Co-dependency *is* real.  If it isn't, why is it so common for partners of
addicted/abusive partners to get out of that relationship, only to end up
in *another* relationship with addictive and/or abusive partners?

The problem with the article is this idea of laying "blame".  I do *not* 
believe that modelling co-dependency as a disease "blames" the victim.  But
I think it enables the victim to recognize that they *do* have control over
the patterns of their lives.

If my life is dysfunctional, because I continually get involved with people
who I think I can help, who abuse me and don't appreciate me, if I seek
validation for myself from how much I can help others, I need to change my
life so that it *is* functional.  Saying that "fault" lies with society, etc, 
might be *true*, but it doesn't help *me*.  Before I can do anything for
anyone else, I need to help myself.  Blaming the problem on abstract constructs
such as "society" doesn't help me be happier and more in control of my life.
Recognizing that there is a problem, and that the problem is within (which
doesn't mean that the problem is my *fault*, just that it exist inside me)
gives me the power to *fix* the problem.  If I try to fix society while my
life is dysfunctional, nothing will ever happen.

As a matter of fact, I think the article is doing what it claims society does.
It is putting society, and other people, *before* the individual person.
This is what society has been doing to women forever: "You aren't important.
It is your duty to help others, not yourself."  The article suggests that 
women who are co-dependent should try to fix society before they try to fix
themselves.  And to that I say: bah humbug!

No, generosity and altruism aren't diseases.  Giving of yourself until there
is nothing left for *you*, *that* isn't altruism, that's unhealthy.

Recognizing co-dependency as a disease gives those who's lives are affected
by it the power to heal *themselves*, rather than being dependent on the
ever-elusive society to "get better" and thus rid them of their problems.

D!
28.5SANDS::MAXHAMSnort when you laugh!Thu Apr 26 1990 11:556
I agree, D! Though I do think the article raises good questions. 

My nit has to do with calling co-dependency a disease.

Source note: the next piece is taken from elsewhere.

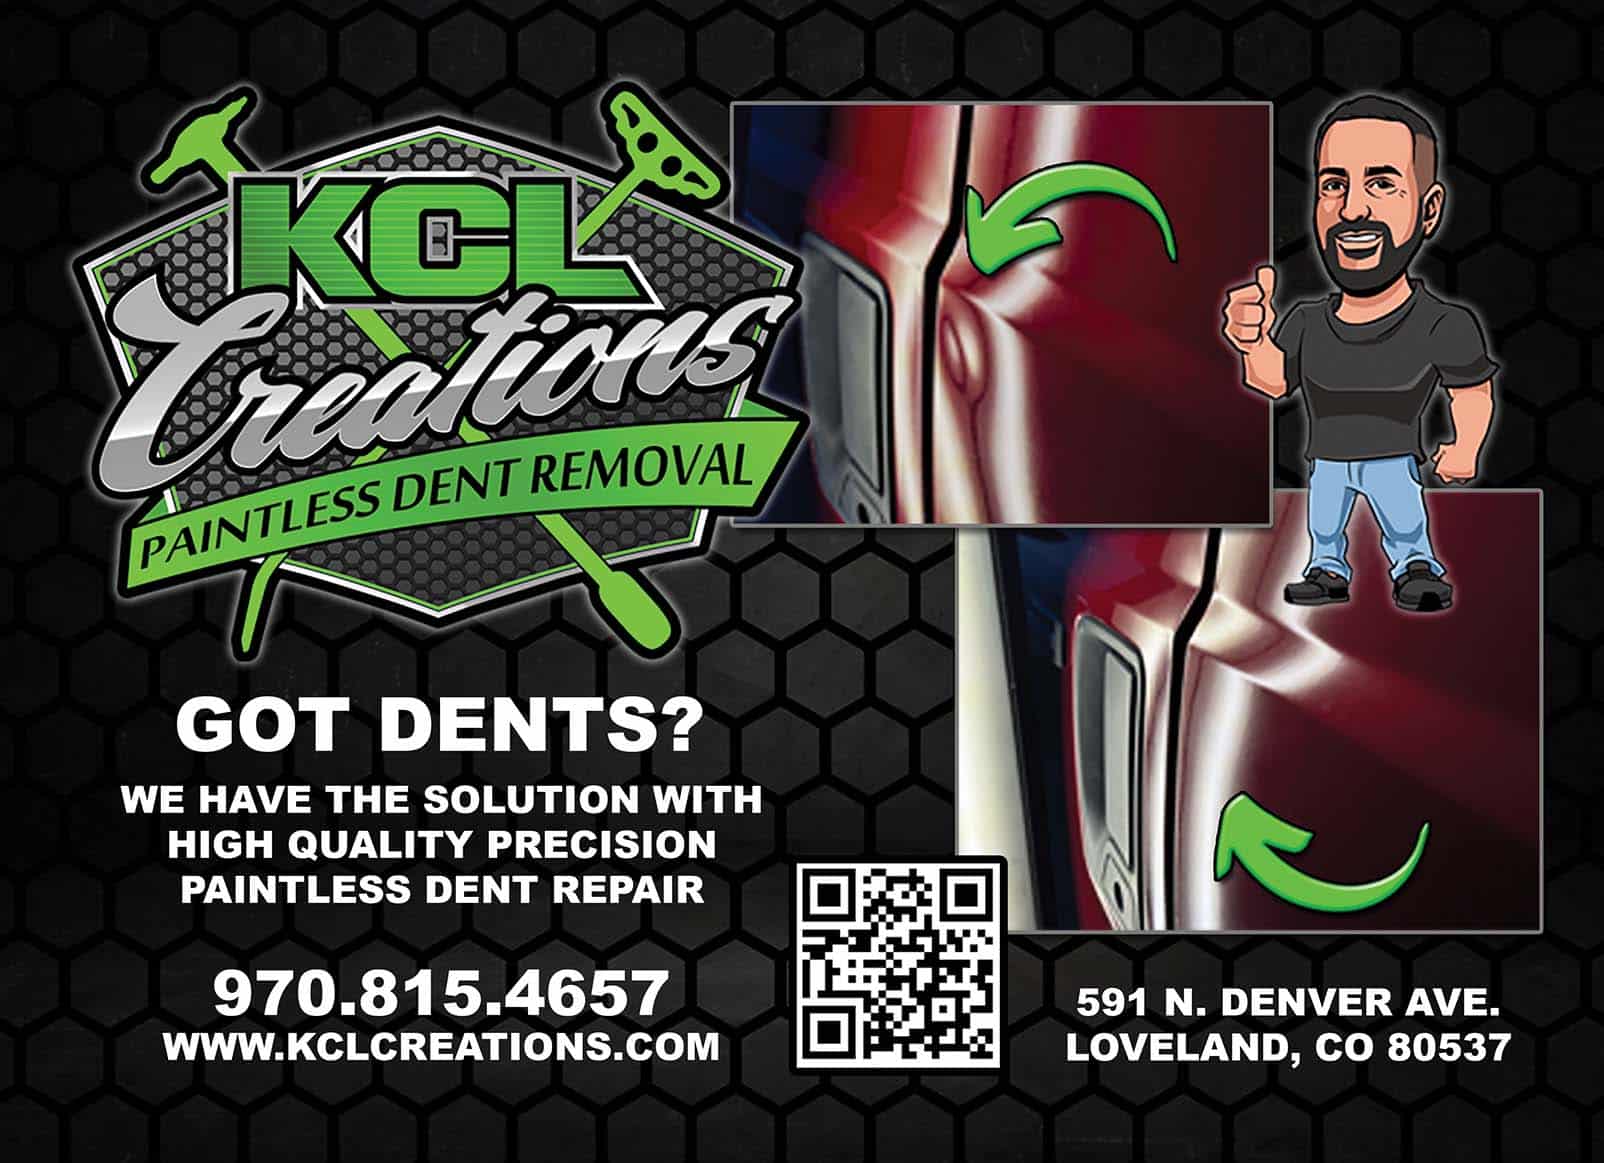 KCL Creations Paintless Dent Removal

I see it as
a behavior pattern, not a sickness.

Kathy
28.6Re: .1CURIE::HAROUTIANThu Apr 26 1990 12:4580

	This article makes my blood boil. It presents a simplistic and
        spurious approach to something that's a very serious problem.
        ( I've read several issues of
	the Utne Reader, and they all seem to be written in a similar
	simplistic, pseudoanalytical, "let's propose something-anything
	and spend the article arguing the point", without establishing
	base-line facts.)

	Codependency is NOT "the disease of people whose problem is
	an excessive tendency to help other people."  Codependency IS
	an unhealthy addiction to another person, or a style of being
	addicted to other people, such that the individual lives through
	that other person.  Characteristic behaviors of codependents
	include not knowing what they, as individuals, want for themselves;
	putting other people ahead of their own needs, all the time,
	without regard for how severe their own needs may be; not being
	able to say "no" and set reasonable boundaries with other
	people; chronic low-grade depression; inability to ask for, and
	to receive, support and help when needed(to name just a few that
	come instantly to mind).  Of course, there's always sexual abuse,
	which results in severe problems of lack of personal boundary.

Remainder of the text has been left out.